Все согласны, что показателем существования наземных экосистем может служить почва, т.к. процесс почвообразования идет только на суше, а ископаемые почвы (палеопочвы) хорошо отличаются по структуре от любых типов донных отложений. Самые древние палеопочвы найдены в глубоком докембрии – в раннем протерозое; в одной из них, имеющей возраст 2, 4 млрд. лет. С. Кемпбелл обнаружил несомненные следы жизнедеятельности фотосинтезирующих организмов. А также недавно обнаружены остатки цианобактериальных построек в протерозойских карстовых полостях: процессы карстования – образование котловин и пещер в водорастворимых осадочных породах (известняки, гипсы) – могут идти только на суше.

Г. Реталляком было сделано фундаментальное открытие, он обнаружил в ордовикских палеопочвах вертикальные норки, прорытые какими-то достаточно крупными животными, - ученые думают, что это сделано членистоногими или олигохетами (дождевыми червями); в этих почвах нет никаких корней, но есть своеобразные трубчатые тельца. Реталляк интерпретирует их как остатки несосудистых растений и (или) наземных зеленых водорослей; в несколько более поздних, силурийских, палеопочвах найдены копролиты (окаменевшие экскременты) каких-то почвообитающих животных; пищей им служили гифы грибов, составляющие заметную долю вещества копролитов, ученые не исключают, что грибы могли и вторично развиться на органике, содержащейся в копролитах).

Ученые заявляют, что к настоящему моменту два факта могут считаться установленными достаточно твердо:

1. Жизнь появилась на суше очень давно, в среднем докембрии. Она была представлена различными вариантами водорослевых корок (в тои числе амфибиотическими матами), лишайниками (не исключено, что уже в венде на суше существовали и макроскопические растения. В это время на талломах некоторых водорослей возникают загадочные сложноустроенные микроструктуры в виде зигзагообразно разрывающейся повдоль спиральной хитиноидной ленты; Бурзин предположил, что они служат для разбрасывания спор, а такой механизм необходим лишь в воздушной среде), все они могли осуществлять процессы архаичного почвообразования.

2. Животные (беспозвоночные) существовали на суше по меньшей мере с ордовика, т.е. задолго до появления высшей растительности (чьи достоверные следы по-прежнему остаются неизвестными до позднего силура).

М.С. Гиляров доказывал, что именно почва должна была служить первичной средой обитания самых ранних жителей суши (некоторые авторы, например, Л.С. Берг считали почвенную жизнь первичной). Другие ученые говорят: «а откуда же взялась сама эта почва, если в те времена еще не было наземной растительности? Ведь почвообразование идет при участии высших растений».

К.Ю. Еськов пишет: «Общепринятым считается, что некие водоросли, жившие вблизи берега, сначала «высунули голову на воздух», заселили приливно-отливную зону, а потом, постепенно превращались в высшие растения, целиком вышли на берег. За этим последовало постепенное завоевание суши. Предками высших растений большинство ботаников считает одну из групп зеленых водорослей – харовых.

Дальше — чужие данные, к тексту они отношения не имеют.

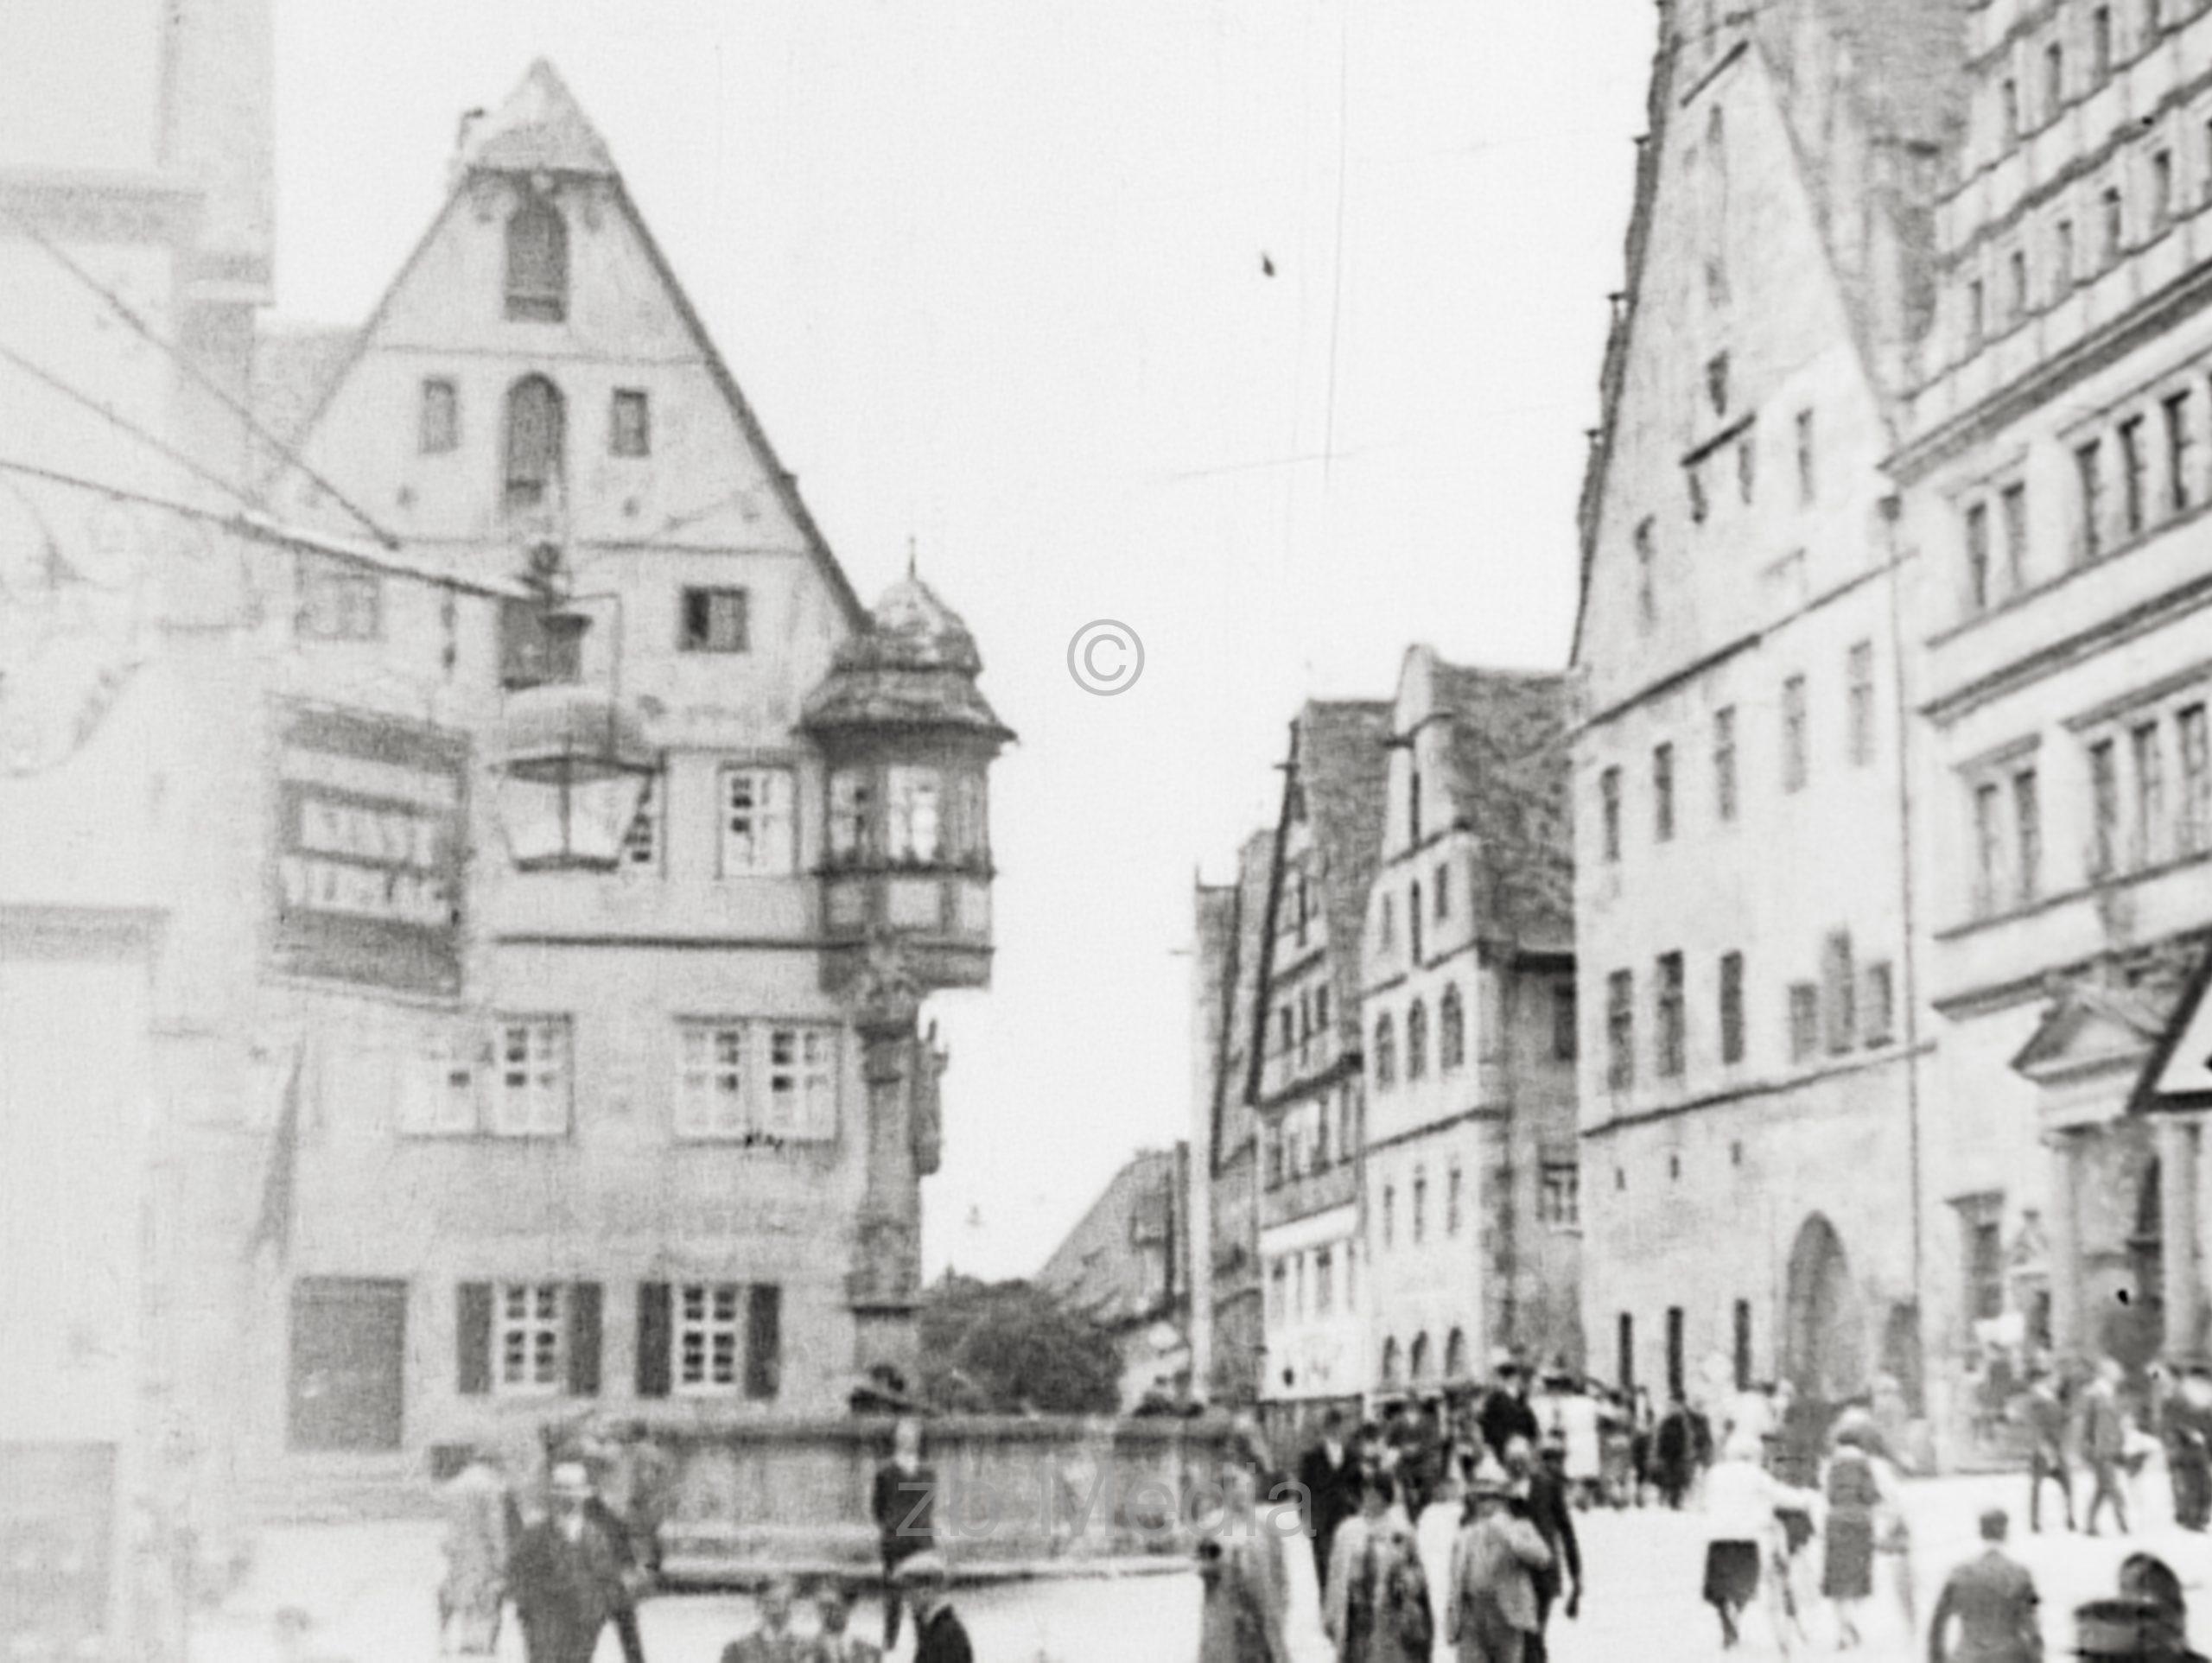 Rothenburg 1930

Однако против этой точки зрения выдвигалось серьезное (чисто палеонтологическое) возражение. Если процесс преобразования водорослей в высшие растения действительно происходил в прибрежных водах (где условия для попадания в палеонтологическую летопись наиболее благоприятны), то почему мы не видим никаких его промежуточных стадий? Тем более что и сами харовые появляются в позднем силуре, одновременно с сосудистыми растениями, а особенности биологии этой группы не дают оснований предполагать для нее длительный период «скрытого существования»… Поэтому возникла на первый взгляд парадоксальная гипотеза: а почему, собственно говоря, появление макроостатков высших растений в конце силура следует трактовать как следы их выхода на сушу? Может быть, совсем наоборот – это следы переселения высших растений в воду?».

Многие палеоботаники (например, С.В. Мейсен, Дж. Л. Стеббинс) активно поддерживали гипотезу о происхождении высших растений не от водных макрофитов (типа харовых), а от наземных зеленых водорослей. В последнее время ученые говорят, что правы сторонники обеих точек зрения.

Многие ботаники (например, Дж. Ричардсон) считают, что именно печеночники являются главными претендентами на роль «первопроходцев суши»: они живут ныне на наземных водорослевых пленках, в мелководных эфемерных водоемах, в почве – совместно с сине-зелеными водорослями; азотфиксирующая сине-зеленая водоросль Nostoc способна жить внутри тканей некоторых печеночников и антоцеротовых, обеспечивая своих хозяев азотом; это было важно для первых обитателей примитивных почв, где этот элемент не мог не быть в жестком дефиците; ни одно из высших растений не способны к азотфиксации – это дополнительный аргумент в пользу того, что к моменту появления на суше высших растений там уже давно существовали прокариотгые сообщества, которые обогатили почву азотом в доступной форме.

Первые сосудистые растения – риниофиты – появились в позднем силуре (лудловсий век); вплоть до раннего девона (жединский век) они были представлены крайне однообразными остатками единственного рода Сooksonia, простейшего и архаичного из сосудистых. В отложениях следующего века девона (зигенского) палеонтологи находят уже множество разнообразных ринофитов; с этого времени среди них обособляются две эволюционные линии, - говорят они: одна пойдет к плауновидным, другая линия ведет к хвощеобразным, папоротникам и семенным; ранние девонские риниофиты были очень примитивны.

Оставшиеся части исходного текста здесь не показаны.